Yes, I watched this the other day and was most impressed. After being at a Shuttle launch back in 2011 and seeing how bright the solid rockets were, this footage was amazing.

I do like the way NASA works with industry to push the boundaries. In Australia, our premium research organisation (CSIRO) is unfortunately being restructured and restricted


----------



## Perio (Aug 11, 2016)

GuyF said:


> So is this the secret new feature that the 5D4 will have?



Good joke


----------



## GuyF (Aug 11, 2016)

rfdesigner said:


> Something UK industry needs to do a lot more of.



+1

There is so much talent in this country (also thanks to collaboration with non-UK nationals working here) that you do wonder what could be achieved if given half a chance.


----------



## Mt Spokane Photography (Aug 12, 2016)

The Kodak 3 layer film used to take movies of nuclear explosions back in the 1950's had A extreme amount of DR. I don't know if anyone has made anything with more DR. The quality suffered, of course. The bright light burned thru successive layers of emulsion to get a usable exposure.

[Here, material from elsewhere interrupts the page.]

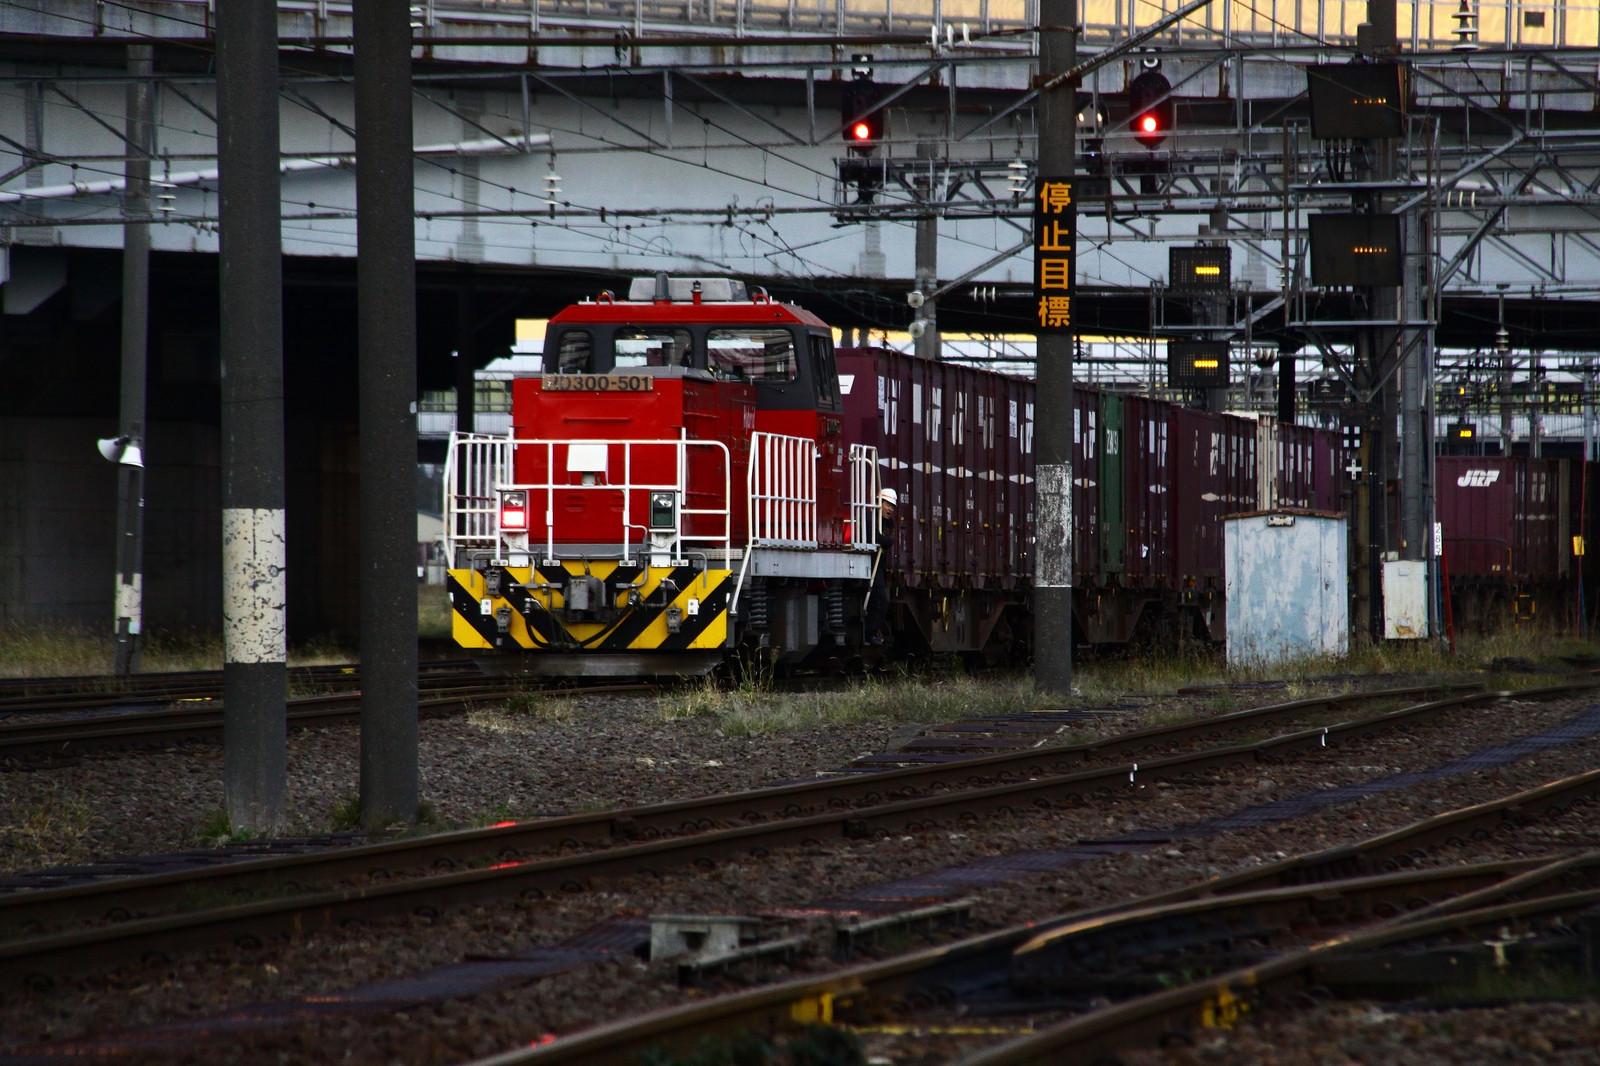 Jr1510121002

Even so, it was blown out at the peak.


----------



## GuyF (Aug 12, 2016)

Mt Spokane Photography said:


> The Kodak 3 layer film used to take movies of nuclear explosions back in the 1950's had A extreme amount of DR. I don't know if anyone has made anything with more DR. The quality suffered, of course. The bright light burned thru successive layers of emulsion to get a usable exposure. Even so, it was blown out at the peak.



Not that I'm a fan of nukes (I'm not a dictator for a living 8) ) but this is an interesting book:

http://www.michaellight.net/suns-intro


----------



## Mt Spokane Photography (Aug 12, 2016)

GuyF said:


> Mt Spokane Photography said:
> 
> 
> > The Kodak 3 layer film used to take movies of nuclear explosions back in the 1950's had A extreme amount of DR. I don't know if anyone has made anything with more DR. The quality suffered, of course. The bright light burned thru successive layers of emulsion to get a usable exposure. Even so, it was blown out at the peak.
> ...




Interesting photograph from that book. It shows what we see every day in human nature. Everyone but one is turned away from the light as instructed, but one, maybe 3 or more persons appear to be looking at it. (left side)


----------



## Mt Spokane Photography (Aug 12, 2016)

One more - the cinematographers and photographers did not get off with looking away. Sure, they had protective glasses, but they had to see enough thru them to run the equipment, so they were partially protected at best.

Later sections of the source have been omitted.